Illicit massage businesses, which are often associated with human trafficking activities, can be difficult to detect because they use the same online platforms as legitimate massage businesses, such as advertisement services, job recruitment ads, and review boards. Investigators need better tools to help identify illicit massage businesses to combat human trafficking and public health risks. This project will use common online review sites to develop data analysis techniques that enable automatic detection of illicit massage businesses, and the tools and techniques developed in this project may subsequently be applied to other illicit business detection as well.
Problem addressed
Over 10,000 illicit massage businesses (IMBs) are scattered throughout the United States, many of which force women into sex trafficking. Current efforts to identify IMBs heavily rely on massage-specific sex buyer forums. However, online evidence of trafficking risk factors can also be gathered from more static review sites such as Yelp and Google. Customer reviews and business information can be mapped to other data sources such as business licenses and court records. By mining for correlations between labeled massage business truth sets and external data including zoning, census data, business hours, similar authorship, and more, the researchers will be able to pivot between known IMBs and identify new potential IMBs. This project focuses on the state of Colorado which has an estimated 200 IMBs.
Approach
The researchers create classification models for detecting risk factors of human trafficking in massage business internet data using methods such as natural language processing and machine learning. The team relies on statistical methods and domain knowledge to engineer and select features from several data sources. Preliminary analysis using these methods was conducted in other states. As the work expands to Colorado, the team will use an active learning technique to adapt existing methodology to new data without having to manually create an extensive ground truth training data set. The team will develop models that can effectively understand the language and business patterns that are unique to IMBs in Colorado. By testing this framework in Colorado, the researchers can eventually expand this analysis nationwide without sacrificing performance.
Results
The researchers identified around 2,600 massage businesses in Colorado with reviews on Yelp and around 200 on Rubmaps. They have further identified over 100 businesses with potential trafficking risk factors. For example, the reviews contain terms related to trafficking or the business’s phone number is used in commercial sex ads. The team will examine these businesses and assign labels to them as a starting point. They have also located records for 25,000 Colorado massage therapists and are working to identify which ones have received disciplinary actions related to human trafficking as well as their practice locations. Next, the team will use the Rubmaps data and de-identified therapist records to create a ground truth data set of the most likely IMBs and begin to build risk prediction models (e.g. decision trees) for IMBs in Colorado.

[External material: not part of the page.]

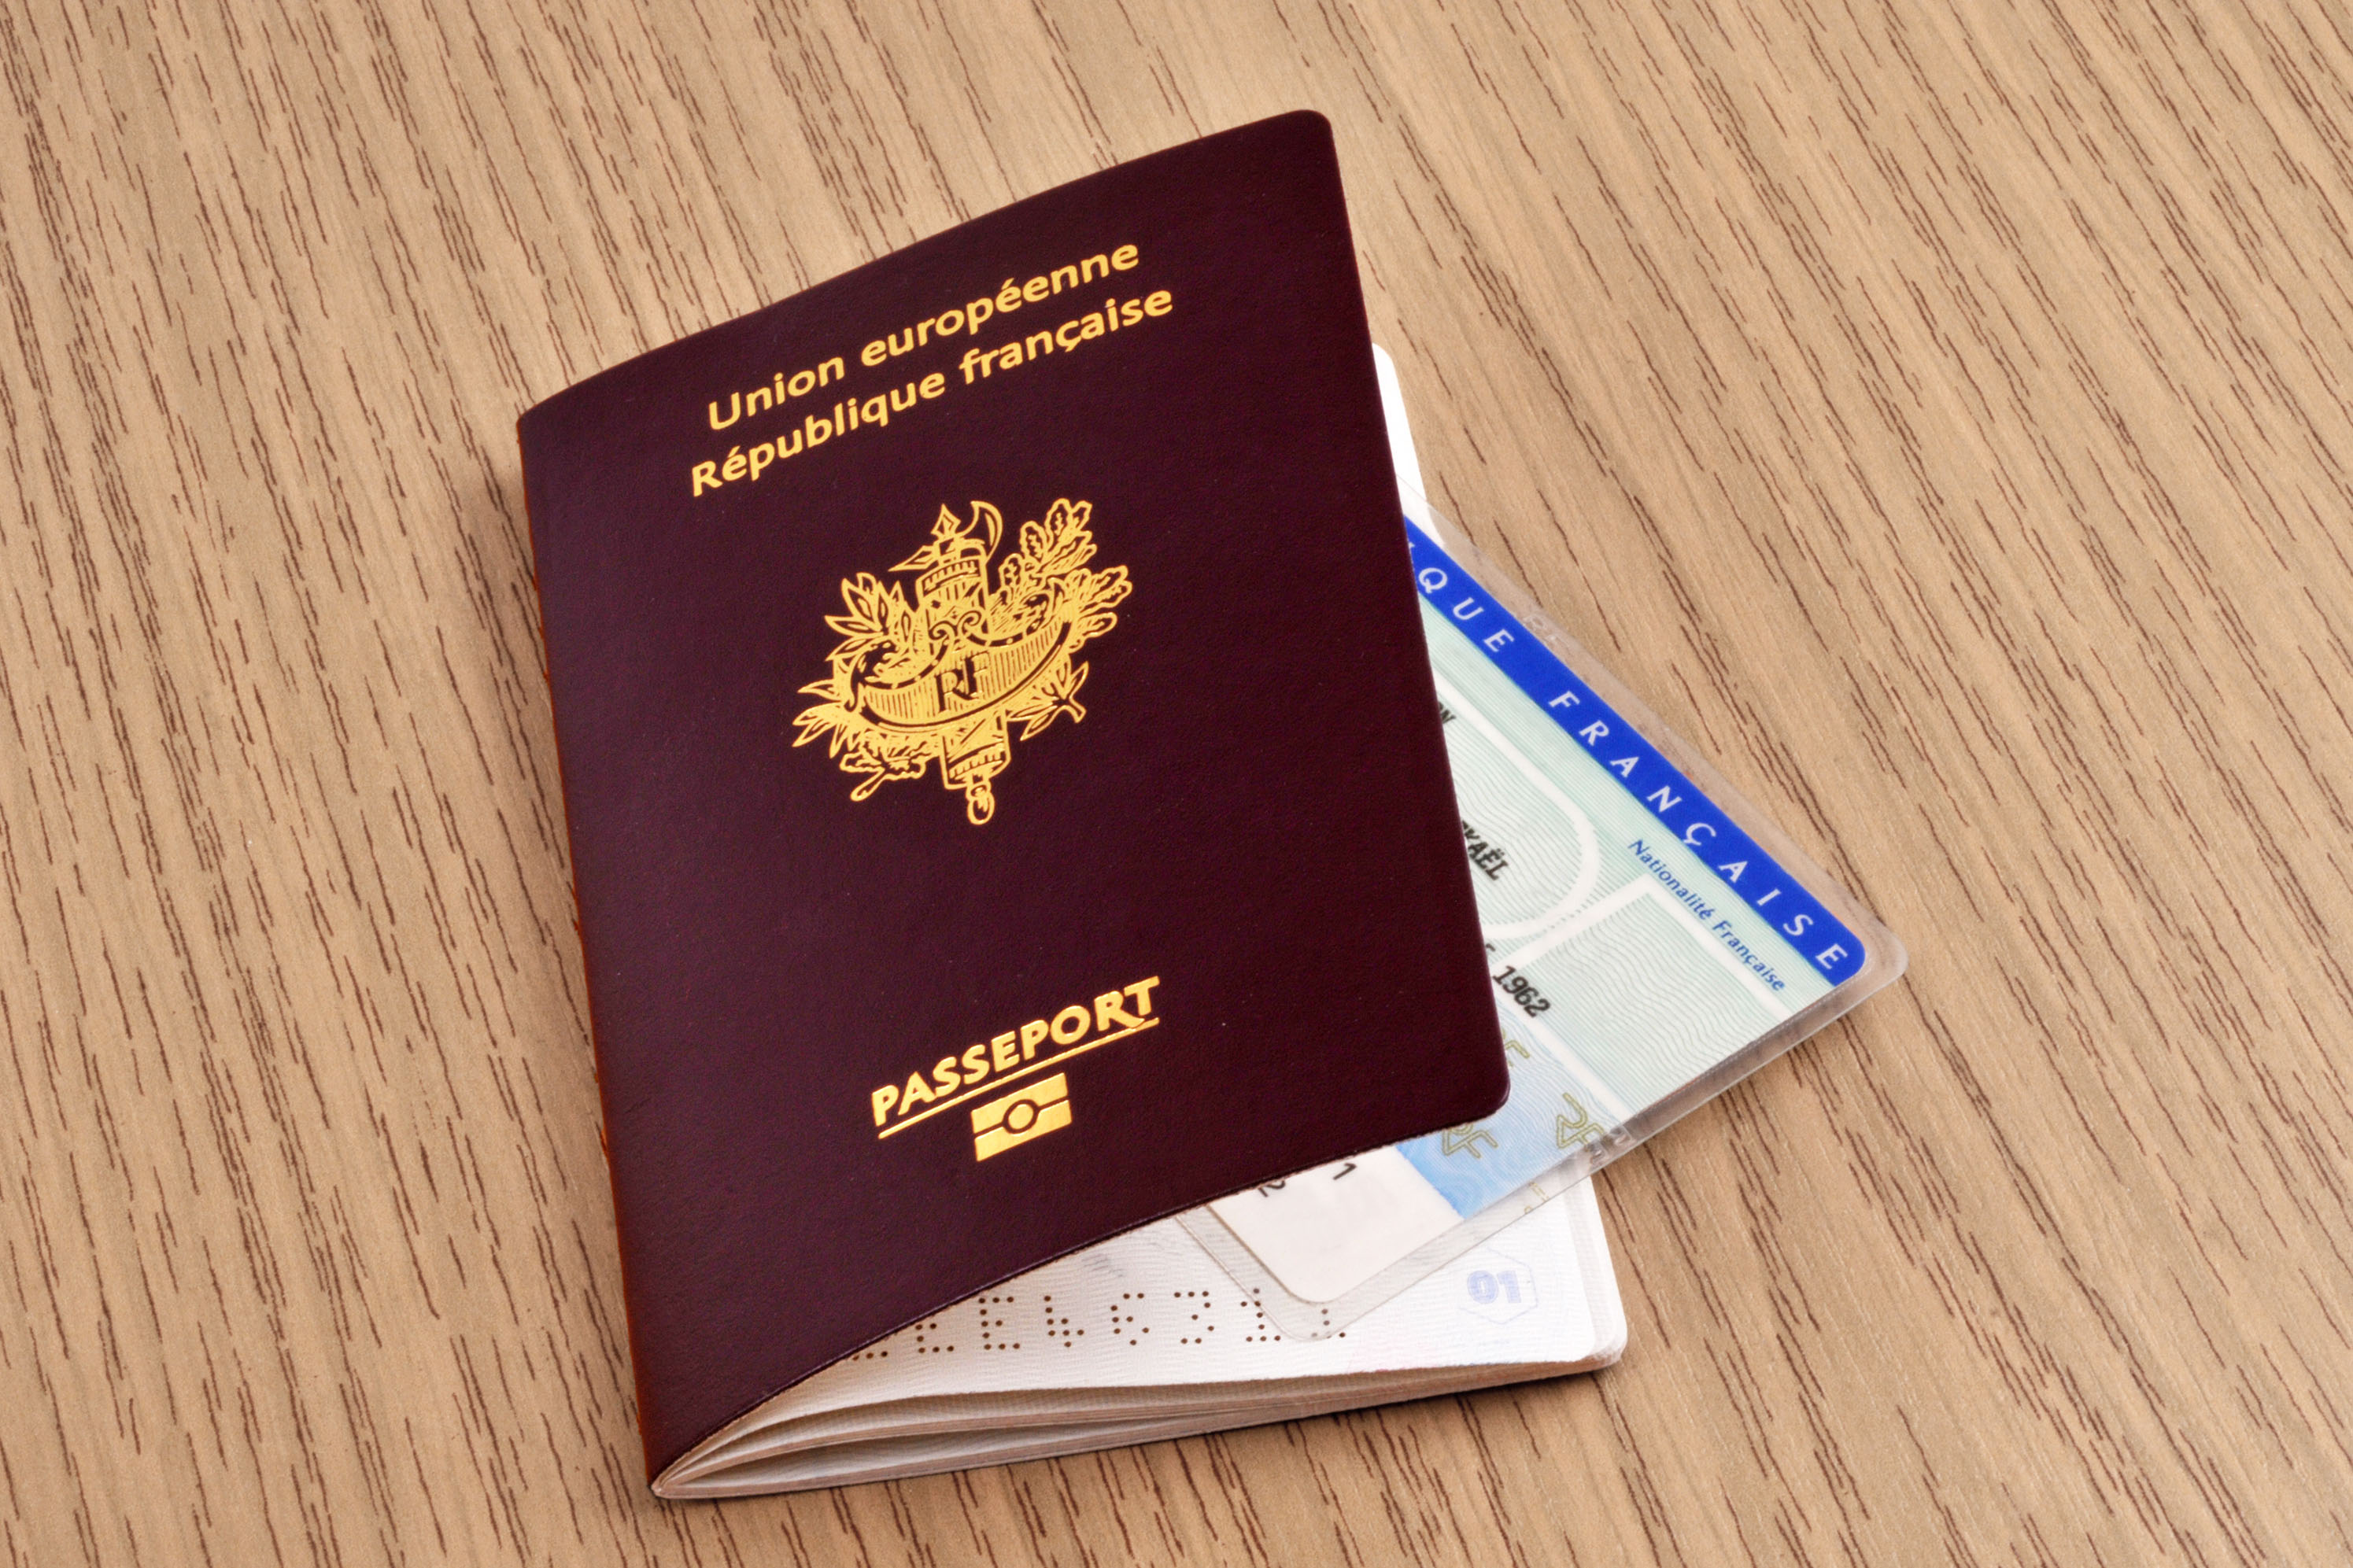 Vous voulez un rendez-vous pour votre passeport ou carte d'identité ? Le gouvernement lance une nouvelle plateforme

Anticipated Impact for DHS
This project aligns with multiple DHS priorities related to homeland security; cyberspace and infrastructure security; economic security; border security; and countering human trafficking and exploitation. Illicit businesses tend to operate within organized criminal networks. In this work, the team may uncover connections between IMBs through online networks linked to transnational organizations. The transnational nature of trafficking requires swift coordination and data sharing within border forces and their international counterparts. Identifying potential IMBs and exposing criminal use of infrastructure (e.g., truck stops) can lead to the removal of victims from danger. In addition to the human toll, the economic impact of IMBs is large, with estimates of total annual revenue in the U.S. of over $3 billion.